▶ **Work to complete**
All of the entries need to be repeated exactly. Leave nothing out.

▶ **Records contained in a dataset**
<<<<

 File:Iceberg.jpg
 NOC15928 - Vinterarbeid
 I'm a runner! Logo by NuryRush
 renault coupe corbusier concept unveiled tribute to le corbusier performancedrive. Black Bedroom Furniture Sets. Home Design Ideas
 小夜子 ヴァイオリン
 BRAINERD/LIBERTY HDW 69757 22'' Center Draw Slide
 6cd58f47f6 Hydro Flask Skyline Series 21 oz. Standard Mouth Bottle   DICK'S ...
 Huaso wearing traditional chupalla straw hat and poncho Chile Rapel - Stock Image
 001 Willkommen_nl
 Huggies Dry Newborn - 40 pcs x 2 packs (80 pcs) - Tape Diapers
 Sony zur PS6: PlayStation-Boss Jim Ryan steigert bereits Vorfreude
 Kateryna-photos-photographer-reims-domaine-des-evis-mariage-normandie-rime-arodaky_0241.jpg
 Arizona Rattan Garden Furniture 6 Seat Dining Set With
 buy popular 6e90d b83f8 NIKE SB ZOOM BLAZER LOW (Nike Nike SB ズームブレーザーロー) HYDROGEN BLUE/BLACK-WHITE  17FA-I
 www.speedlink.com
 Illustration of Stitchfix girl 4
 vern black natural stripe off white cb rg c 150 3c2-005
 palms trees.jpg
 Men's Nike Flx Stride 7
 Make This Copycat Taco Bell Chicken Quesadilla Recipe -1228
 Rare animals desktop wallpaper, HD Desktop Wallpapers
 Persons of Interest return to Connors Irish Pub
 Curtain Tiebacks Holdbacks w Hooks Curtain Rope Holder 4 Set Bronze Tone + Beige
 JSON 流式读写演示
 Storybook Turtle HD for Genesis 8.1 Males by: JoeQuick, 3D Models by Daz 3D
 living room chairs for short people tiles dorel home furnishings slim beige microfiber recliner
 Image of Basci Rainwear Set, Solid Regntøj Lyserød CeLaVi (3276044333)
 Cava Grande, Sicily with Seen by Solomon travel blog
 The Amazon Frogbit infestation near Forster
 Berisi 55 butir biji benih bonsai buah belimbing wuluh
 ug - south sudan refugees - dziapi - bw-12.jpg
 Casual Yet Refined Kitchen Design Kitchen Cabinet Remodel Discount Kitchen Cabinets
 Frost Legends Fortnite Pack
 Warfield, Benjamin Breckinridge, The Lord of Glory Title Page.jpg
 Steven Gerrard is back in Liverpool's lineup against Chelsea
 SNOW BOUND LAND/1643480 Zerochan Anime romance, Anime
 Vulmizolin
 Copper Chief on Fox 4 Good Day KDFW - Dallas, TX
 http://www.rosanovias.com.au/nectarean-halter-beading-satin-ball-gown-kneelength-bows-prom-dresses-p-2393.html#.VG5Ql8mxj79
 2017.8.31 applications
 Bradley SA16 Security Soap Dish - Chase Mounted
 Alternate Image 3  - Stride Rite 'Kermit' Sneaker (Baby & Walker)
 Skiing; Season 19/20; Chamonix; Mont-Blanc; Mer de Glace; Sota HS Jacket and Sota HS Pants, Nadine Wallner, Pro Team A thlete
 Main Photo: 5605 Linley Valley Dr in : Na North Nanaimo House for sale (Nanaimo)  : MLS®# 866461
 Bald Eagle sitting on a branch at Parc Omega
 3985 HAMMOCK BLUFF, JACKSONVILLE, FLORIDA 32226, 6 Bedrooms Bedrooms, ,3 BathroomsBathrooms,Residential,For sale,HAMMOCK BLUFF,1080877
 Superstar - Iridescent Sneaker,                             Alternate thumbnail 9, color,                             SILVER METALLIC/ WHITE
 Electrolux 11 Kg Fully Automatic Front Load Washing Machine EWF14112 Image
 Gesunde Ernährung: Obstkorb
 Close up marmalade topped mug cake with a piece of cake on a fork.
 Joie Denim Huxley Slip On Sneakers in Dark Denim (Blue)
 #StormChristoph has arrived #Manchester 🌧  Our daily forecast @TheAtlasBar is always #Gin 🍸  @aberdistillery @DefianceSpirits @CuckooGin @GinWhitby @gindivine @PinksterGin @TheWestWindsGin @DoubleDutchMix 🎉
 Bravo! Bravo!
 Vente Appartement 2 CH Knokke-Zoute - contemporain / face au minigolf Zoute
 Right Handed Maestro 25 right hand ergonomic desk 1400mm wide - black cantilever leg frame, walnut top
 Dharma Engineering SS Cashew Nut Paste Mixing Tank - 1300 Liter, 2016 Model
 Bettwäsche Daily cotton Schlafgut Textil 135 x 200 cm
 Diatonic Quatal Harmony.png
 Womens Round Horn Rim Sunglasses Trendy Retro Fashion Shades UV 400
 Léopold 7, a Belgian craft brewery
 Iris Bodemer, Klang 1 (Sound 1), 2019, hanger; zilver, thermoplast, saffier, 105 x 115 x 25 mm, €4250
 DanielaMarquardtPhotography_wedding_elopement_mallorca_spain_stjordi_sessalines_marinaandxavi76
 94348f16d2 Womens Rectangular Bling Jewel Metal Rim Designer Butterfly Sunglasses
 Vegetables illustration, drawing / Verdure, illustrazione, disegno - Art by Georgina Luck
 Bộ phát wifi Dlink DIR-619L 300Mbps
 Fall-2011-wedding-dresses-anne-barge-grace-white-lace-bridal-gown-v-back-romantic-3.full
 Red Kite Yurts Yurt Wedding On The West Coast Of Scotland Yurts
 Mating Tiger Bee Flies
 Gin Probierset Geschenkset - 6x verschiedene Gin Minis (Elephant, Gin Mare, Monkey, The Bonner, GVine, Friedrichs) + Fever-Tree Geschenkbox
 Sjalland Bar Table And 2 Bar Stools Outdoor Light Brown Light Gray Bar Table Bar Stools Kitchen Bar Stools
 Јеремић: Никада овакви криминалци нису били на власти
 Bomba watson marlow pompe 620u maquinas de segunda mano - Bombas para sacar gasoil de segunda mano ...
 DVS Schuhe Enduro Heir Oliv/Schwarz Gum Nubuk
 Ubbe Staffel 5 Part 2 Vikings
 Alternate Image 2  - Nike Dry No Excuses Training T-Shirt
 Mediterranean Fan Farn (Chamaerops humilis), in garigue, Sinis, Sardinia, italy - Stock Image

>>>>

▶ **Problem solution**
 File:Iceberg.jpg
 NOC15928 - Vinterarbeid
 I'm a runner! Logo by NuryRush
 renault coupe corbusier concept unveiled tribute to le corbusier performancedrive. Black Bedroom Furniture Sets. Home Design Ideas
 小夜子 ヴァイオリン
 BRAINERD/LIBERTY HDW 69757 22'' Center Draw Slide
 6cd58f47f6 Hydro Flask Skyline Series 21 oz. Standard Mouth Bottle   DICK'S ...
 Huaso wearing traditional chupalla straw hat and poncho Chile Rapel - Stock Image
 001 Willkommen_nl
 Huggies Dry Newborn - 40 pcs x 2 packs (80 pcs) - Tape Diapers
 Sony zur PS6: PlayStation-Boss Jim Ryan steigert bereits Vorfreude
 Kateryna-photos-photographer-reims-domaine-des-evis-mariage-normandie-rime-arodaky_0241.jpg
 Arizona Rattan Garden Furniture 6 Seat Dining Set With
 buy popular 6e90d b83f8 NIKE SB ZOOM BLAZER LOW (Nike Nike SB ズームブレーザーロー) HYDROGEN BLUE/BLACK-WHITE  17FA-I
 www.speedlink.com
 Illustration of Stitchfix girl 4
 vern black natural stripe off white cb rg c 150 3c2-005
 palms trees.jpg
 Men's Nike Flx Stride 7
 Make This Copycat Taco Bell Chicken Quesadilla Recipe -1228
 Rare animals desktop wallpaper, HD Desktop Wallpapers
 Persons of Interest return to Connors Irish Pub
 Curtain Tiebacks Holdbacks w Hooks Curtain Rope Holder 4 Set Bronze Tone + Beige
 JSON 流式读写演示
 Storybook Turtle HD for Genesis 8.1 Males by: JoeQuick, 3D Models by Daz 3D
 living room chairs for short people tiles dorel home furnishings slim beige microfiber recliner
 Image of Basci Rainwear Set, Solid Regntøj Lyserød CeLaVi (3276044333)
 Cava Grande, Sicily with Seen by Solomon travel blog
 The Amazon Frogbit infestation near Forster
 Berisi 55 butir biji benih bonsai buah belimbing wuluh
 ug - south sudan refugees - dziapi - bw-12.jpg
 Casual Yet Refined Kitchen Design Kitchen Cabinet Remodel Discount Kitchen Cabinets
 Frost Legends Fortnite Pack
 Warfield, Benjamin Breckinridge, The Lord of Glory Title Page.jpg
 Steven Gerrard is back in Liverpool's lineup against Chelsea
 SNOW BOUND LAND/1643480 Zerochan Anime romance, Anime
 Vulmizolin
 Copper Chief on Fox 4 Good Day KDFW - Dallas, TX
 http://www.rosanovias.com.au/nectarean-halter-beading-satin-ball-gown-kneelength-bows-prom-dresses-p-2393.html#.VG5Ql8mxj79
 2017.8.31 applications
 Bradley SA16 Security Soap Dish - Chase Mounted
 Alternate Image 3  - Stride Rite 'Kermit' Sneaker (Baby & Walker)
 Skiing; Season 19/20; Chamonix; Mont-Blanc; Mer de Glace; Sota HS Jacket and Sota HS Pants, Nadine Wallner, Pro Team A thlete
 Main Photo: 5605 Linley Valley Dr in : Na North Nanaimo House for sale (Nanaimo)  : MLS®# 866461
 Bald Eagle sitting on a branch at Parc Omega
 3985 HAMMOCK BLUFF, JACKSONVILLE, FLORIDA 32226, 6 Bedrooms Bedrooms, ,3 BathroomsBathrooms,Residential,For sale,HAMMOCK BLUFF,1080877
 Superstar - Iridescent Sneaker,                             Alternate thumbnail 9, color,                             SILVER METALLIC/ WHITE
 Electrolux 11 Kg Fully Automatic Front Load Washing Machine EWF14112 Image
 Gesunde Ernährung: Obstkorb
 Close up marmalade topped mug cake with a piece of cake on a fork.
 Joie Denim Huxley Slip On Sneakers in Dark Denim (Blue)
 #StormChristoph has arrived #Manchester 🌧  Our daily forecast @TheAtlasBar is always #Gin 🍸  @aberdistillery @DefianceSpirits @CuckooGin @GinWhitby @gindivine @PinksterGin @TheWestWindsGin @DoubleDutchMix 🎉
 Bravo! Bravo!
 Vente Appartement 2 CH Knokke-Zoute - contemporain / face au minigolf Zoute
 Right Handed Maestro 25 right hand ergonomic desk 1400mm wide - black cantilever leg frame, walnut top
 Dharma Engineering SS Cashew Nut Paste Mixing Tank - 1300 Liter, 2016 Model
 Bettwäsche Daily cotton Schlafgut Textil 135 x 200 cm
 Diatonic Quatal Harmony.png
 Womens Round Horn Rim Sunglasses Trendy Retro Fashion Shades UV 400
 Léopold 7, a Belgian craft brewery
 Iris Bodemer, Klang 1 (Sound 1), 2019, hanger; zilver, thermoplast, saffier, 105 x 115 x 25 mm, €4250
 DanielaMarquardtPhotography_wedding_elopement_mallorca_spain_stjordi_sessalines_marinaandxavi76
 94348f16d2 Womens Rectangular Bling Jewel Metal Rim Designer Butterfly Sunglasses
 Vegetables illustration, drawing / Verdure, illustrazione, disegno - Art by Georgina Luck
 Bộ phát wifi Dlink DIR-619L 300Mbps
 Fall-2011-wedding-dresses-anne-barge-grace-white-lace-bridal-gown-v-back-romantic-3.full
 Red Kite Yurts Yurt Wedding On The West Coast Of Scotland Yurts
 Mating Tiger Bee Flies
 Gin Probierset Geschenkset - 6x verschiedene Gin Minis (Elephant, Gin Mare, Monkey, The Bonner, GVine, Friedrichs) + Fever-Tree Geschenkbox
 Sjalland Bar Table And 2 Bar Stools Outdoor Light Brown Light Gray Bar Table Bar Stools Kitchen Bar Stools
 Јеремић: Никада овакви криминалци нису били на власти
 Bomba watson marlow pompe 620u maquinas de segunda mano - Bombas para sacar gasoil de segunda mano ...
 DVS Schuhe Enduro Heir Oliv/Schwarz Gum Nubuk
 Ubbe Staffel 5 Part 2 Vikings
 Alternate Image 2  - Nike Dry No Excuses Training T-Shirt
 Mediterranean Fan Farn (Chamaerops humilis), in garigue, Sinis, Sardinia, italy - Stock Image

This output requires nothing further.